- Gokalpur Location in Punjab, India Gokalpur Gokalpur (India)
- Coordinates: 31°14′25″N 75°32′32″E﻿ / ﻿31.240273°N 75.542227°E
- Country: India
- State: Punjab
- District: Kapurthala

Government
- • Type: Panchayati raj (India)
- • Body: Gram panchayat

Population (2011)
- • Total: 39
- Sex ratio 20/19♂/♀

Languages
- • Official: Punjabi
- • Other spoken: Hindi
- Time zone: UTC+5:30 (IST)
- PIN: 144601
- Telephone code: 01822
- ISO 3166 code: IN-PB
- Vehicle registration: PB-09
- Website: kapurthala.gov.in

= Gokalpur =

Gokalpur is a village in Kapurthala district of Punjab State, India. It is located 10 km from Kapurthala, which is both district and sub-district headquarters of Gokalpur. The village is administrated by a Sarpanch, who is an elected representative.

== Demography ==
According to the report published by Census India in 2011, Gokalpur has total number of 7 houses and population of 39 of which include 20 males and 19 females.

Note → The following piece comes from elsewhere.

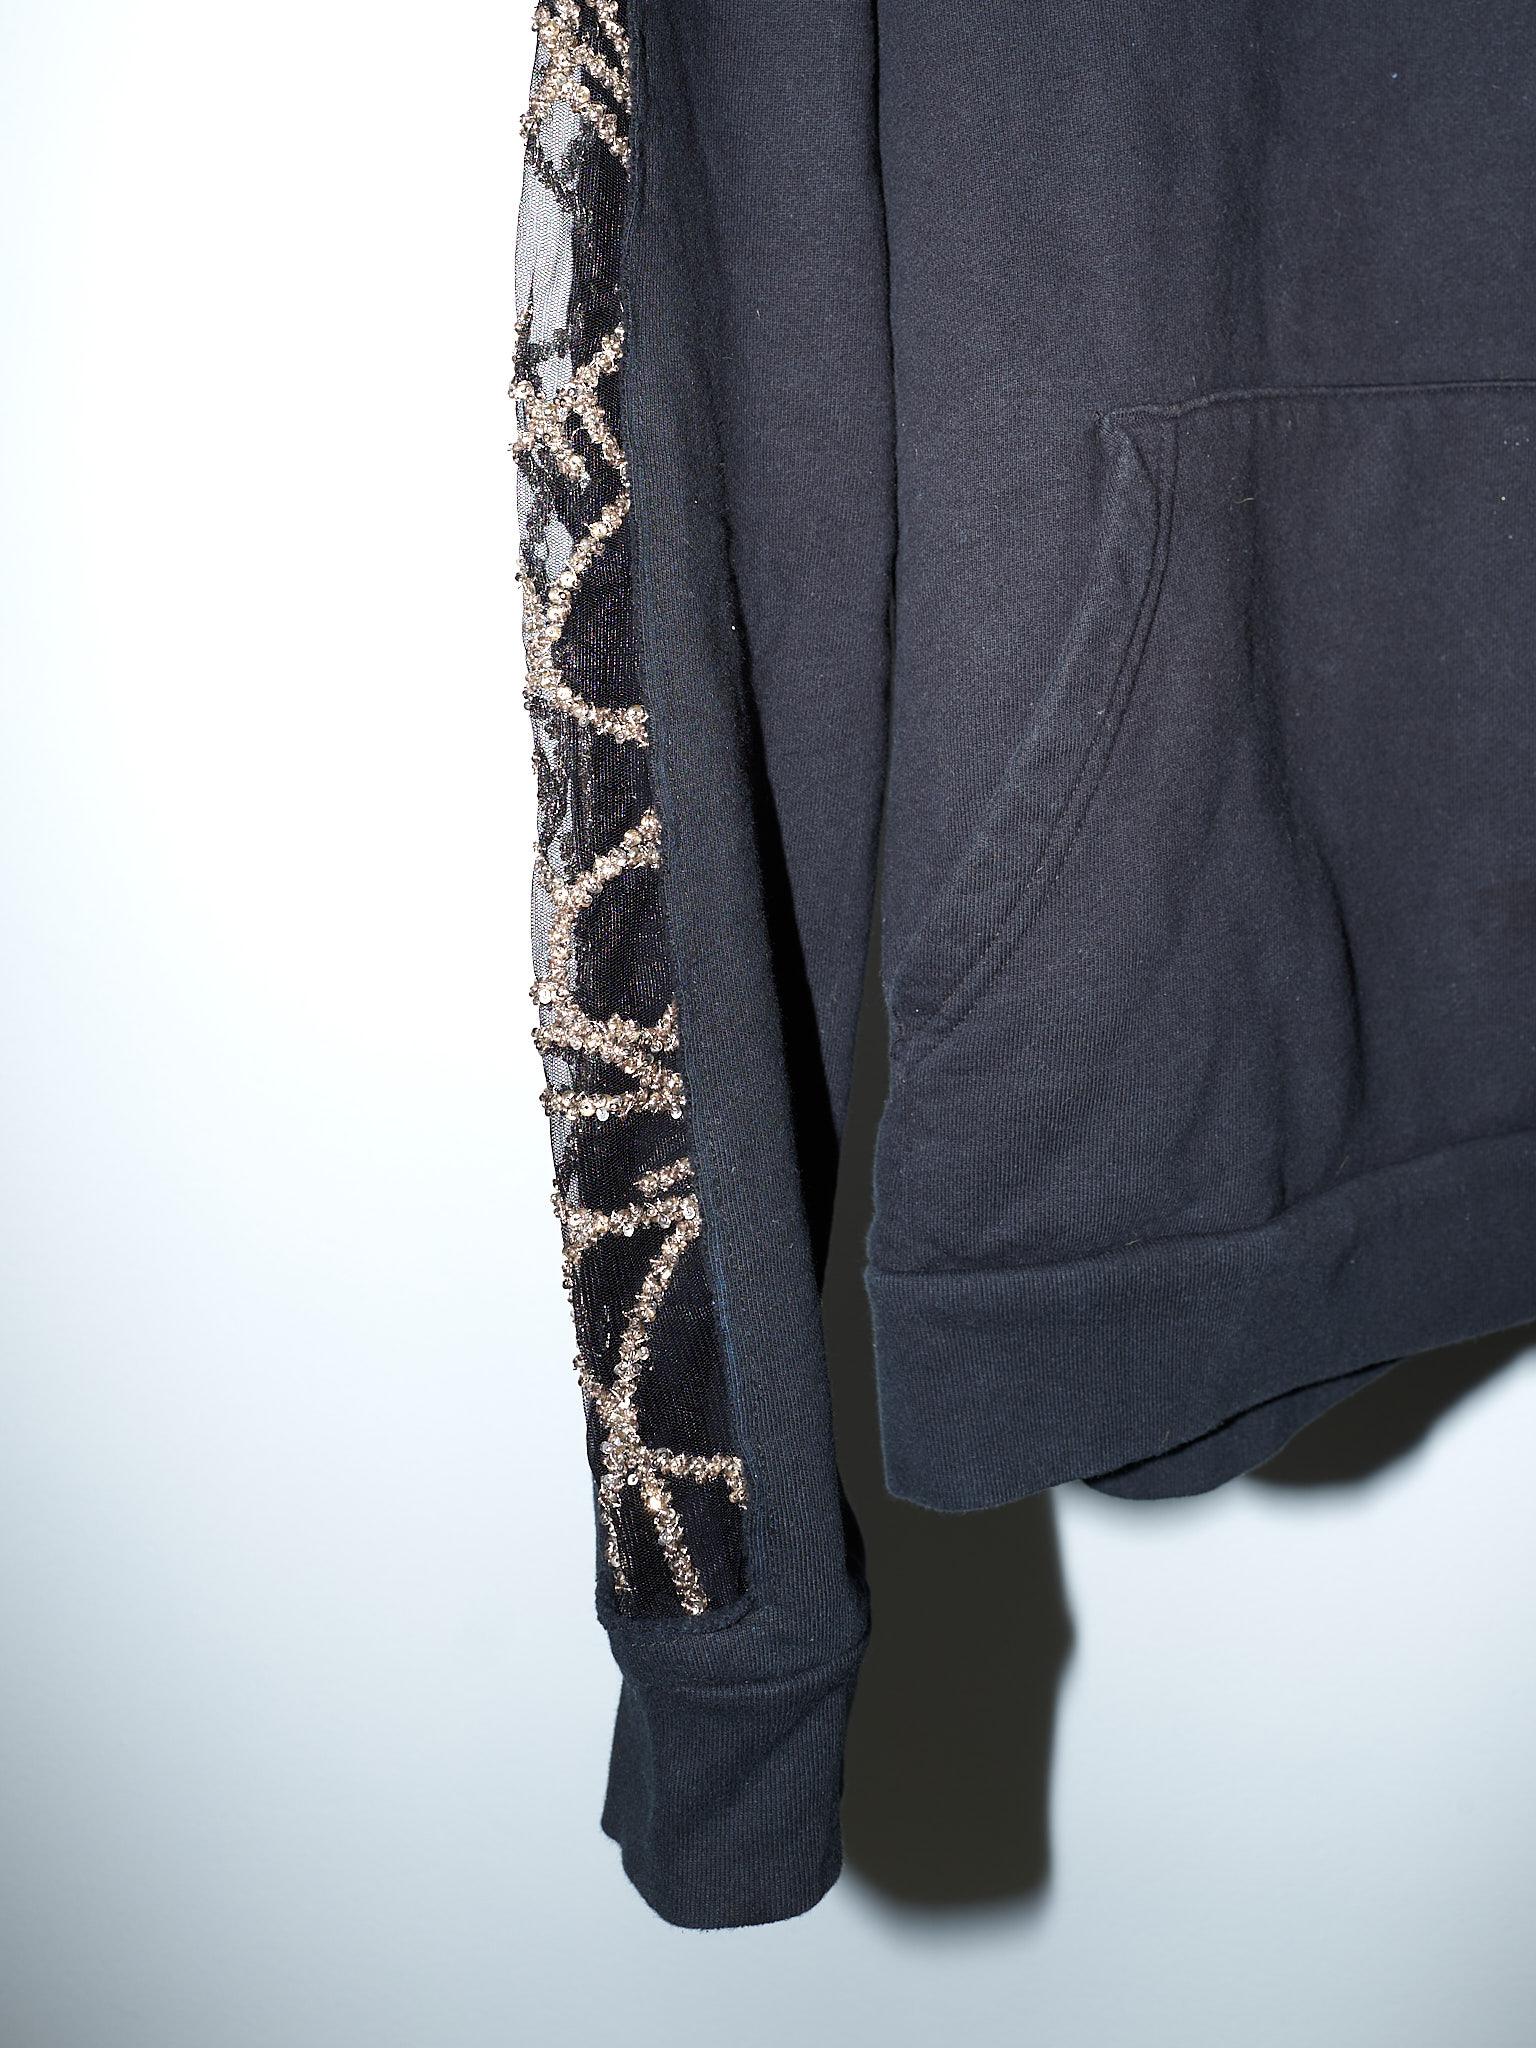 Black Hoodie Sweatshirt Embellished Chrystal Black J Dauphin 2

Literacy rate of Gokalpur is 62.86%, lower than state average of 75.84%. The population of children under the age of 6 years is 4 which is 10.26% of total population of Gokalpur, and child sex ratio is approximately 1000, higher than state average of 846.

== Population data ==

| Particulars | Total | Male | Female |
|---|---|---|---|
| Total No. of Houses | 7 | - | - |
| Population | 39 | 20 | 19 |
| Child (0-6) | 4 | 2 | 2 |
| Schedule Caste | 6 | 4 | 2 |
| Schedule Tribe | 0 | 0 | 0 |
| Literacy | 62.86 % | 66.67 % | 58.82 % |
| Total Workers | 18 | 11 | 7 |
| Main Worker | 11 | 0 | 0 |
| Marginal Worker | 7 | 5 | 2 |

==Air travel connectivity==
The closest airport to the village is Sri Guru Ram Dass Jee International Airport.